At Benchmark Senior Living at Ridgefield Crossing, in hard-hit Fairfield County, two residents recently died after testing positive for the coronavirus. In a statement Friday, the nursing home said 16 residents and six staff members have tested positive. The assisted living facility said affected residents have been isolated, while infected staff members were on leave.

Lamont said the state is carefully tracking what is happening in the nursing homes.

They know it’s a petri dish for spreading that virus around. They’re being incredibly careful. That said, yeah, there are some risks of contagion there,” Lamont said during an interview with WNPR. “And we’re following that very carefully.”

But on Friday, a state Department of Public Health spokesperson said the agency doesn’t keep a running tally of nursing home residents in Connecticut who have tested positive for COVID-19.

Equipment sought, not enough received

Lamont has requested that the Trump Administration issue a disaster declaration for Connecticut because of its close proximity to New York, which has become the epicenter of the COVID-19 pandemic in the U.S. More than 500 people have died in New York and more than 44,600 people have tested positive for the disease.

Connecticut officials say they have so far received only a very limited response to their requests for more personal protective equipment (PPE) from the national strategic reserve.

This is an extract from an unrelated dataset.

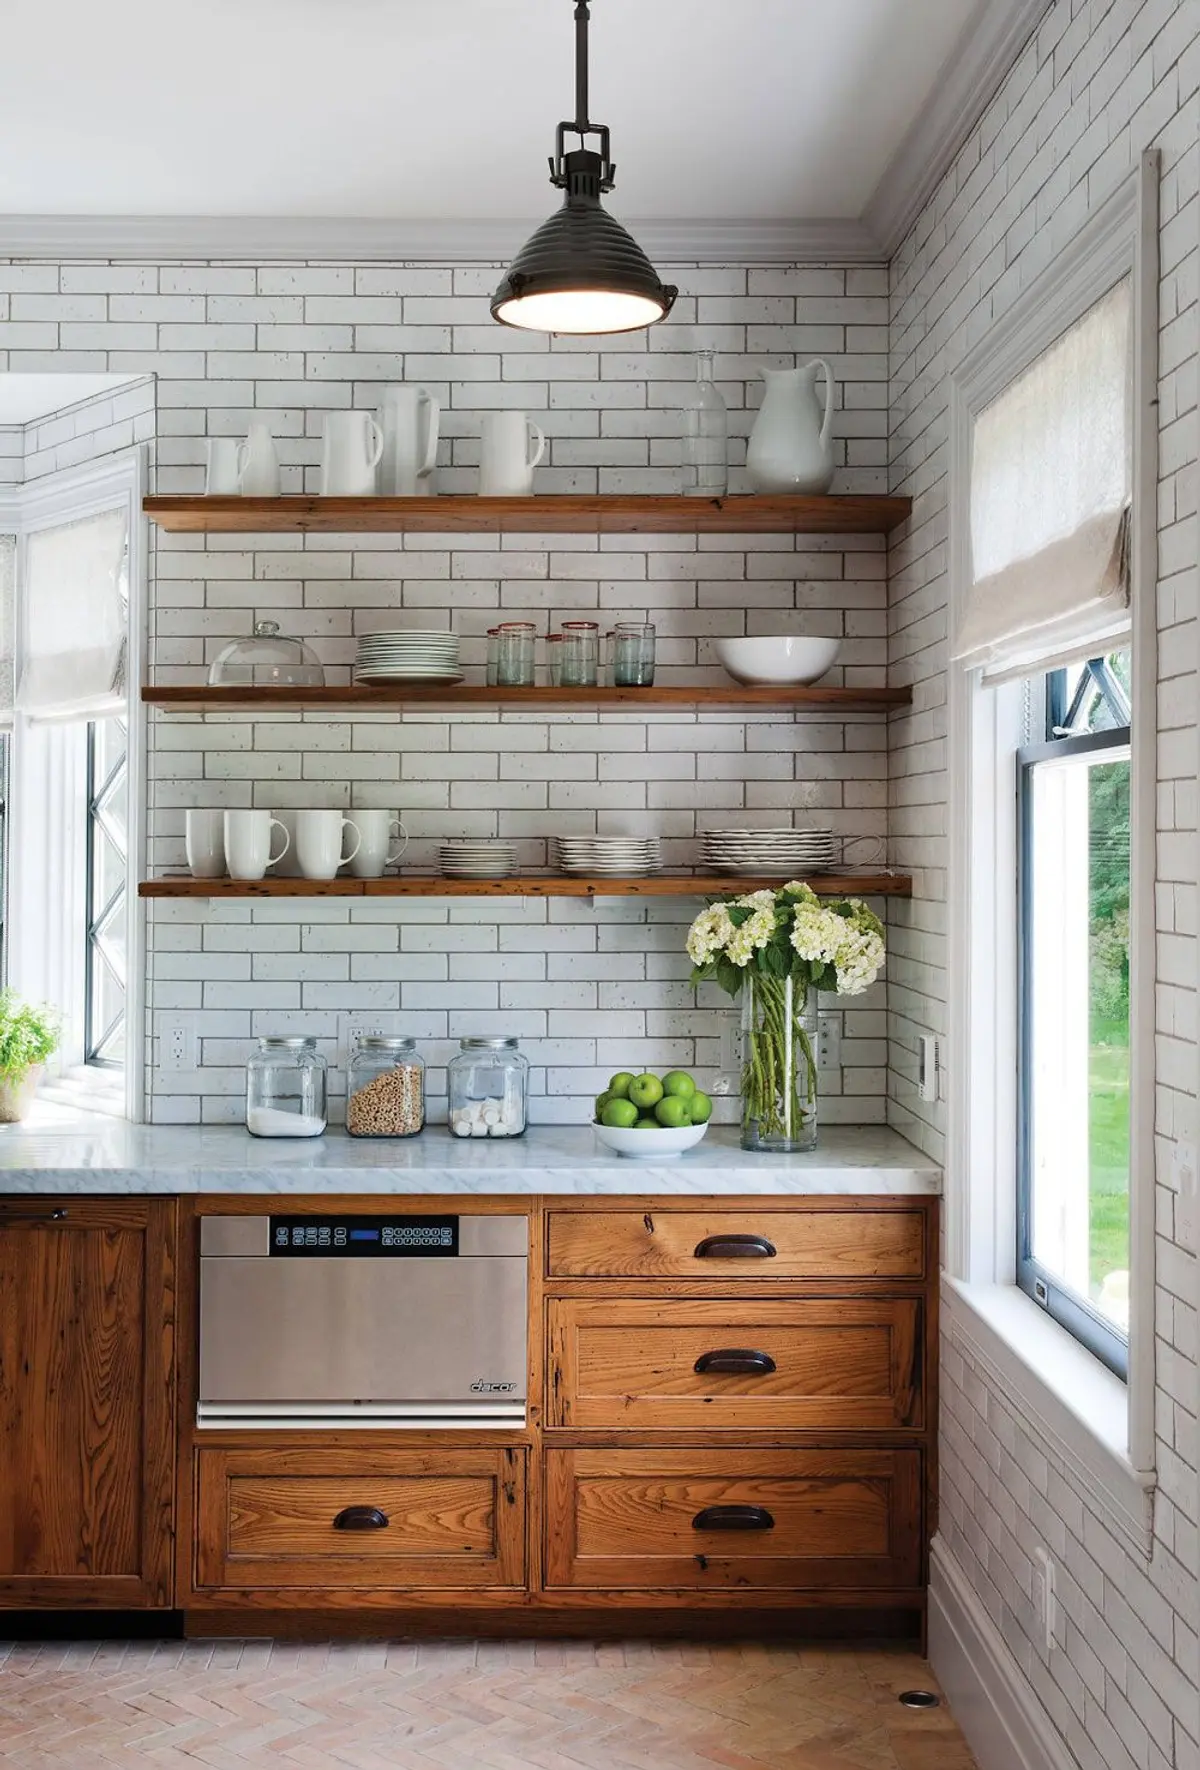 Open Shelves in Rustic Kitchen Ideas

For example, only about 43% of the 250,000 N95 respirator masks Connecticut has requested were delivered in the past two weeks. Less than 32% of the gloves the state has asked for have arrived, and only about 10% of the hospital gowns Connecticut sought have been delivered.

Hartford HealthCare officials estimate they need between 12,000 and 15,000 masks a day to safely equip medical staff at their facilities. Hospital officials around the state say nurses and doctors will be using up PPE at a higher rate as the pandemic gets worse in this state.

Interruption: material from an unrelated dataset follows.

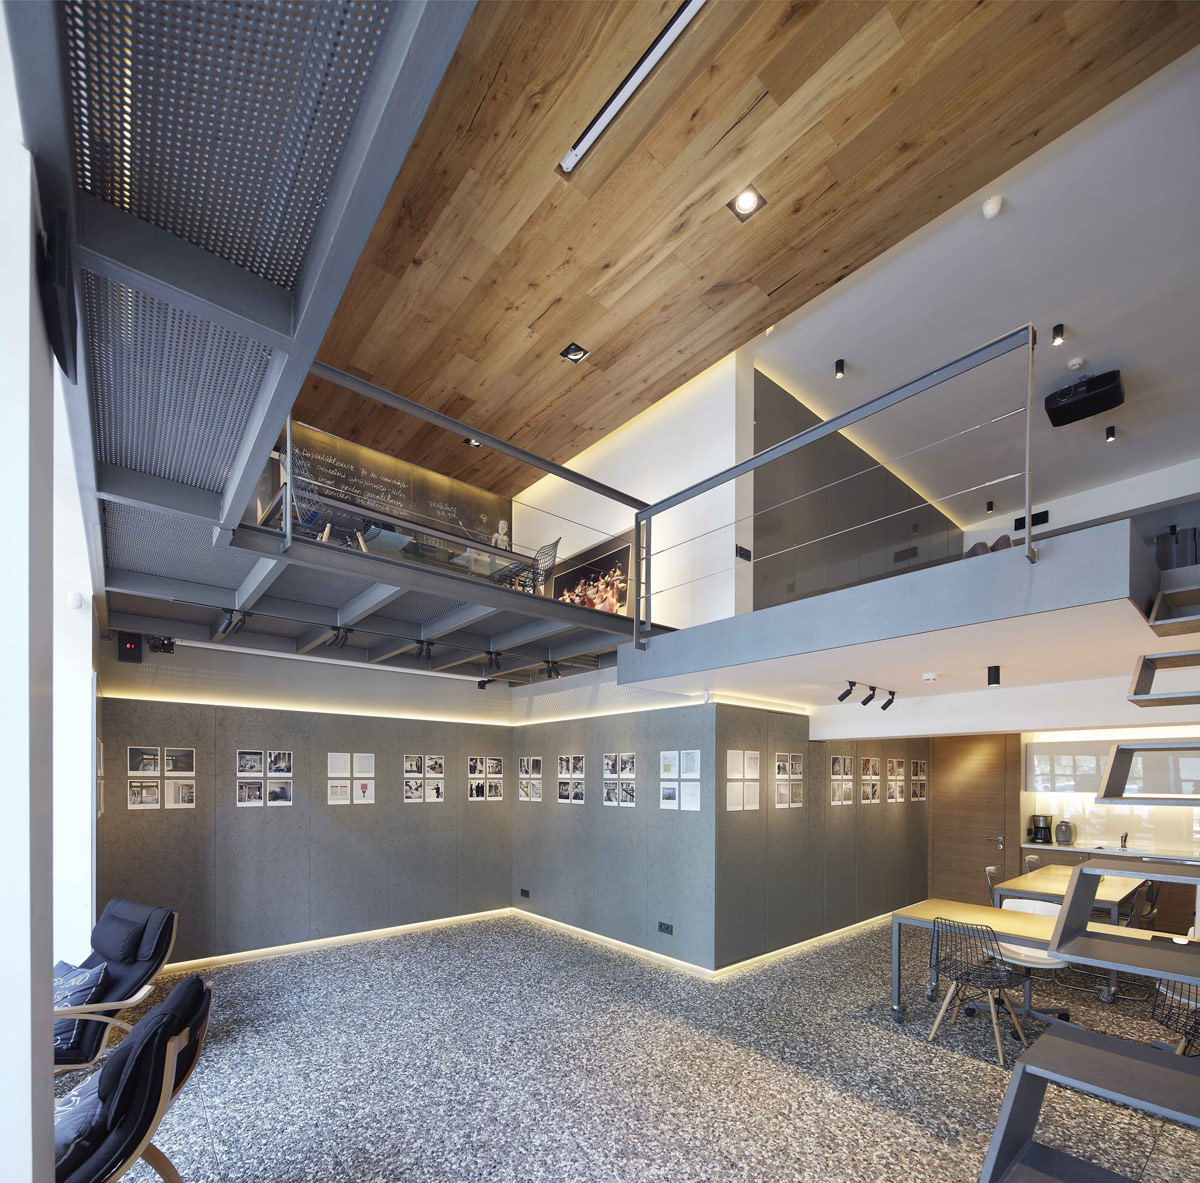 一个家和公共艺术画廊：Studio Loft摄影工作室空间设计

Geballe said state officials are being extremely careful about which hospitals are getting the equipment coming in from the federal government.

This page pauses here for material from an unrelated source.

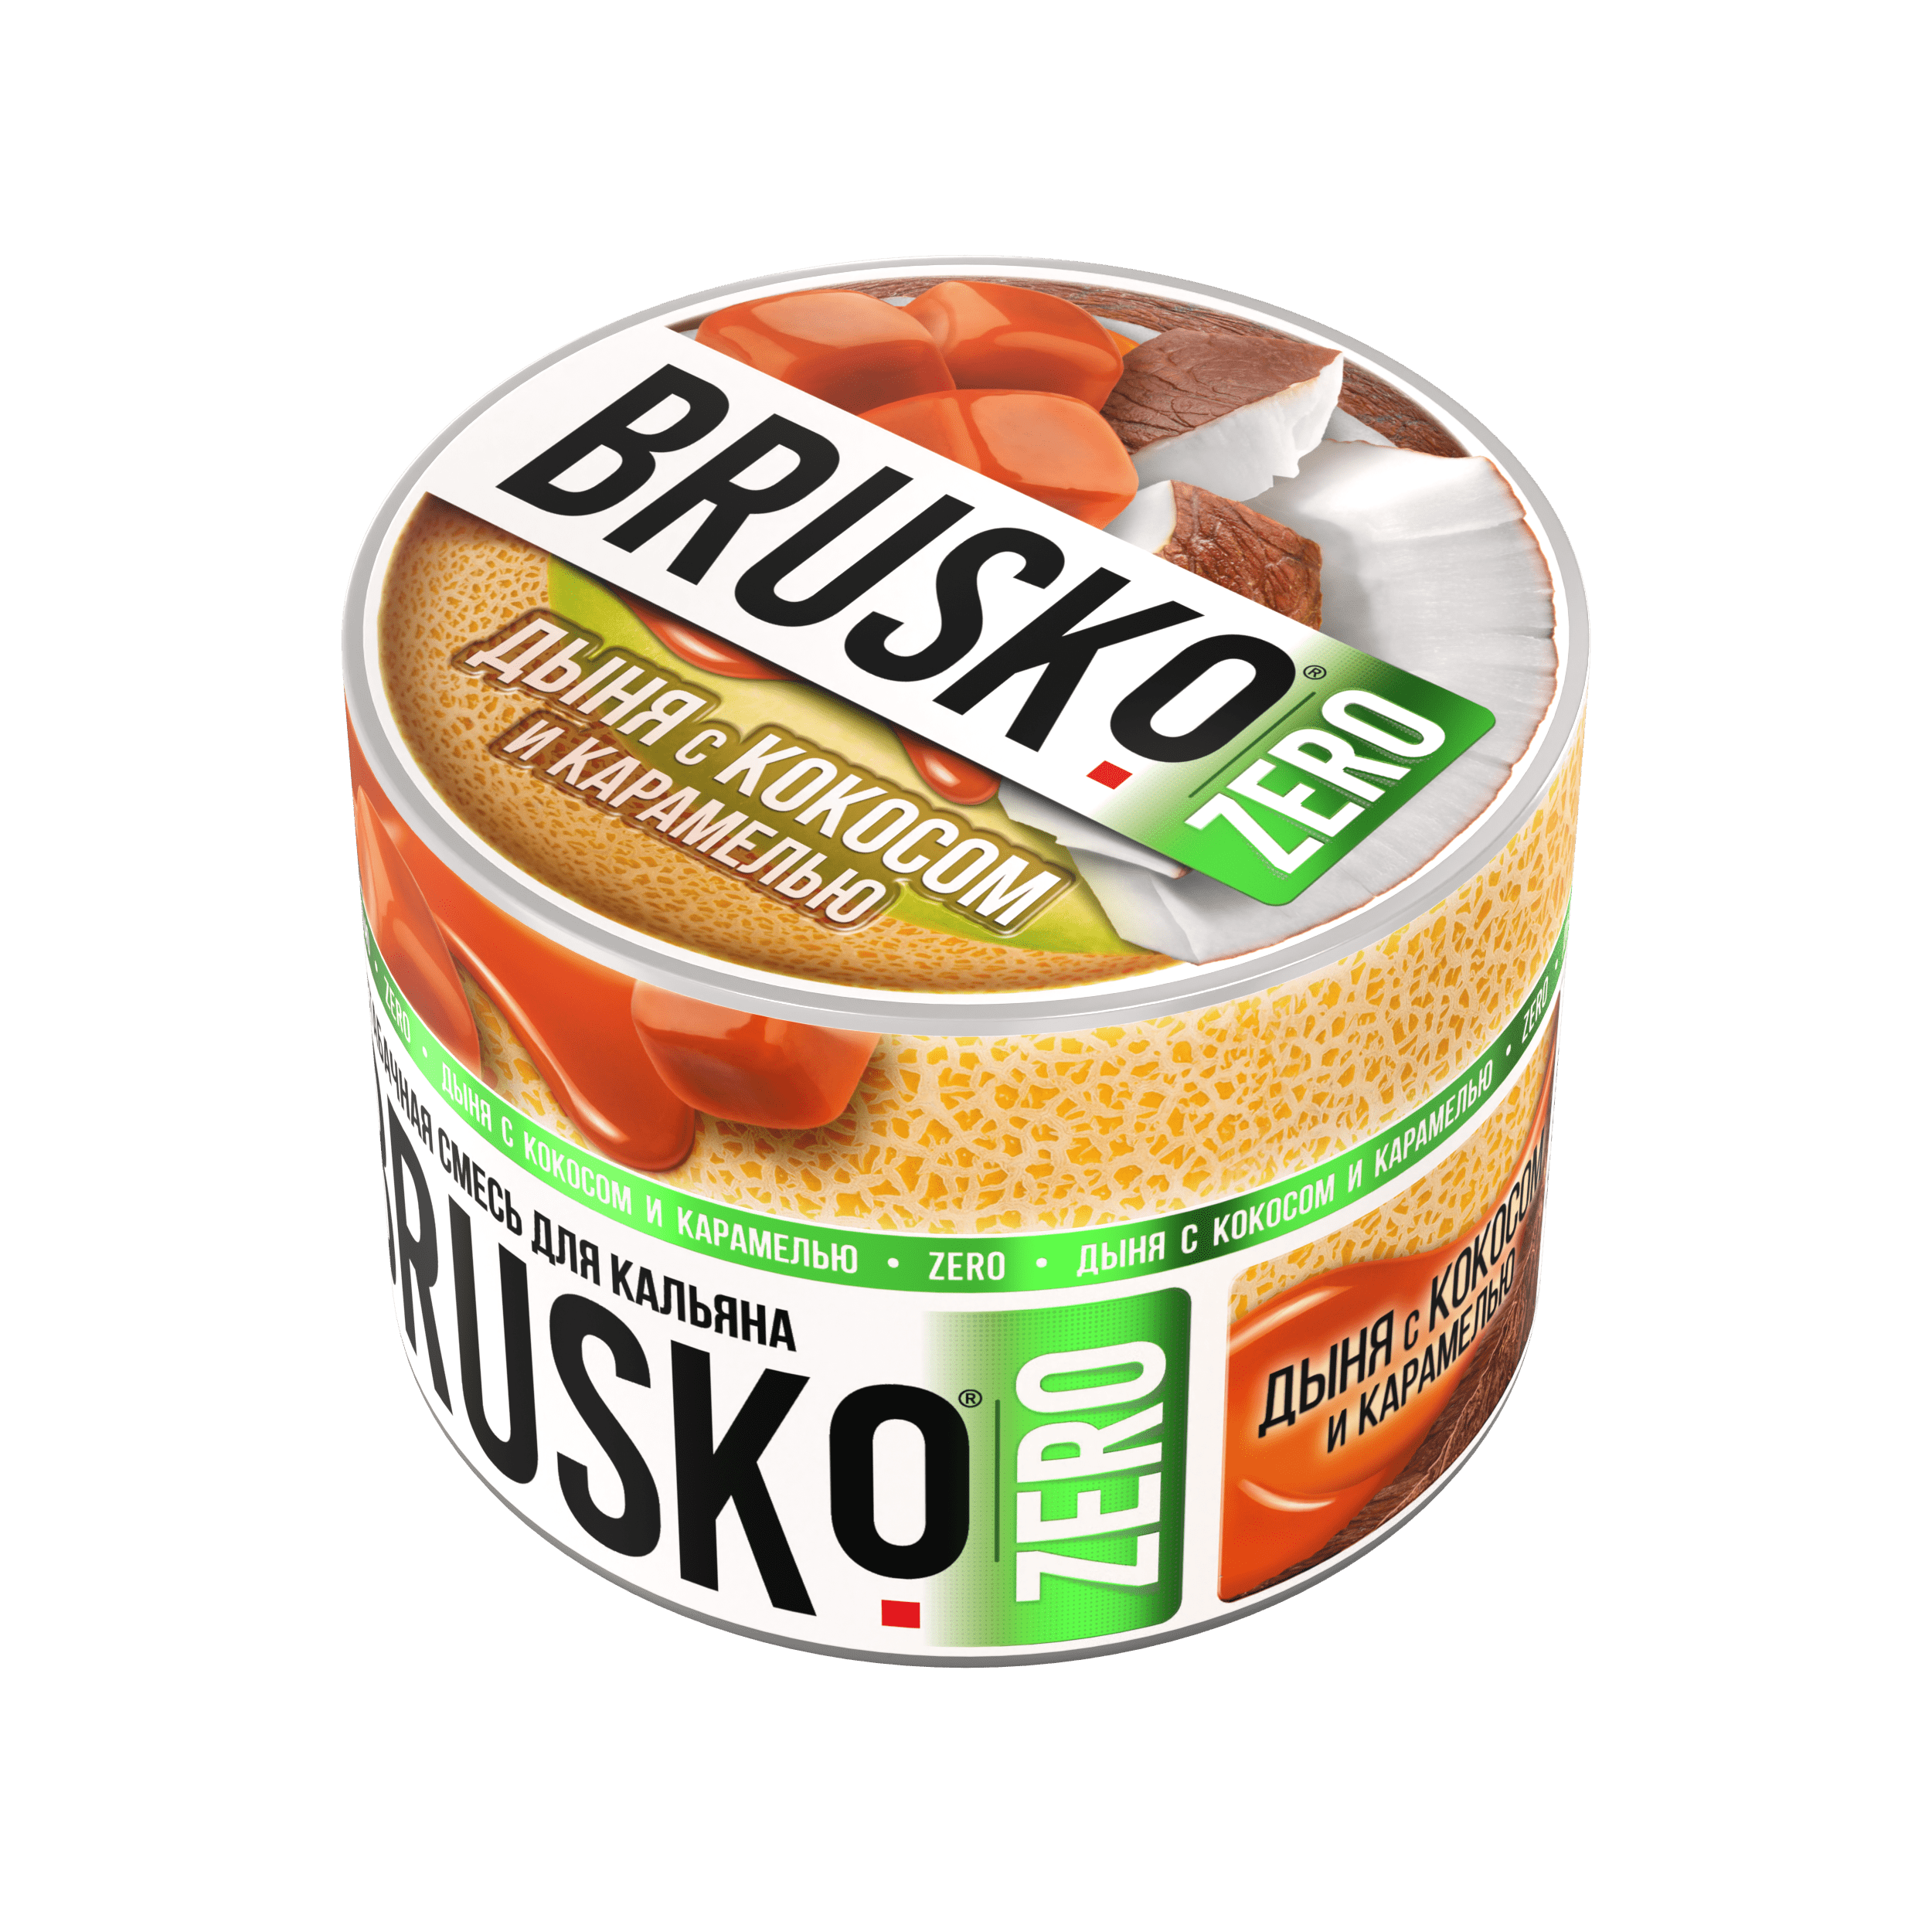 Бестабачная смесь для кальяна BRUSKO, 50 г, Дыня с кокосом и карамелью, Zero (М)

The state has distributed about 90% of what it has received from the federal government, he said, and is currently holding back the remaining 10% to create its own contingency reserve for emergencies.

“It’s tough, because there is such a shortage,” Geballe said. “There are so many people who want and deserve more equipment. For now, we have to be very thoughtful about where everything goes.”

The governor said this week that the state is now doing less coronavirus testing outside hospital settings in order to conserve vital protective gear like gloves and surgical masks needed by nurses and doctors treating seriously ill virus patients.

Dr. Ajay Kumar, Hartford HealthCare’s vice president for medical affairs, said Friday that “one big bottleneck” in his system’s COVID-19 testing program is a shortage of the substance used to transport test swabs from the patient to the laboratory for analysis.

Kumar said Hartford Health Care is now conducting “several hundred tests every day” but that the lack of that “transport media” means far less testing can be done outside the system’s hospital facilities.

Another testing bottleneck is a lack of the reagents used in the analysis of possible virus samples from people, according to Kumar.

“We need a lot more testing in the community,” Kumar said. He said that more widespread testing in Connecticut would enable experts to better predict how fast the disease will spread and when the peak might be reached.

CT Mirror reporter Jenna Carlesso and WNPR reporter Patrick Skahill contributed to this report.